Cryptocurrency capital gains tax in the US

In addition to income tax, there is also a capital gains tax on cryptocurrency transactions in the United States. It applies if the value of the cryptocurrency increases when it is purchased and held (subchapter P of Chapter 1 of the U.S. Internal Revenue Code 26).

That is, if a person sold virtual currency that was held as a fixed asset, then this is a taxable event (p. 17 of the IRS Instructions for filing a 1040-2020 return).

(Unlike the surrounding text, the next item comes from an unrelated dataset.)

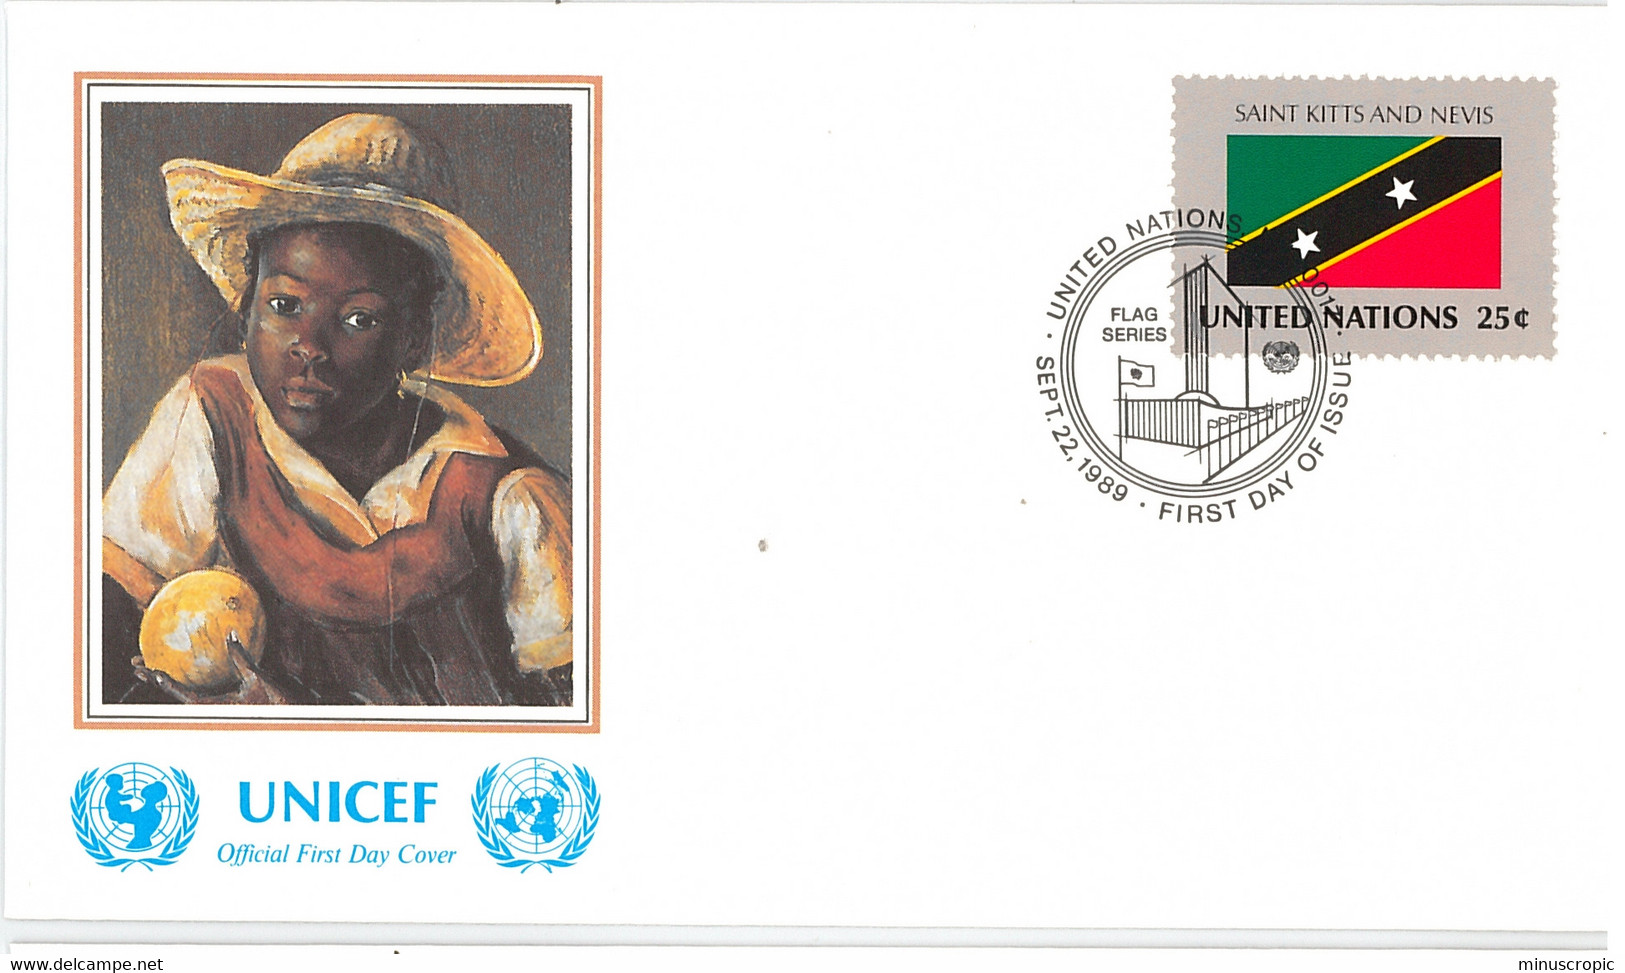 Enveloppe FDC United Nations - UNICEF - Flag Series 13/89 - Saint Kitts And Nevis - 1989 - Covers & Documents

When paying capital gains tax, it is necessary to determine the storage period of the cryptocurrency. If the cryptocurrency was held for less than 1 year, then this is short-term capital gains, if more than one year – long-term capital gains. The duration of the cryptocurrency in possession is calculated from the date that occurred the day after the acquisition of the cryptocurrency until the date (inclusive) of its sale.

The tax rate on long-term capital gains for most individuals does not exceed 15%. If your taxable income is $78,750 or less, it is taxed at a zero rate. A 15% capital gains tax rate applies if your taxable income is $78,750 or more but less than $434,550 for single filers; $488,850 for spouses filing jointly or qualifying survivors; $461,700 for the primary income earner; or $244,425 for spouses filing separately.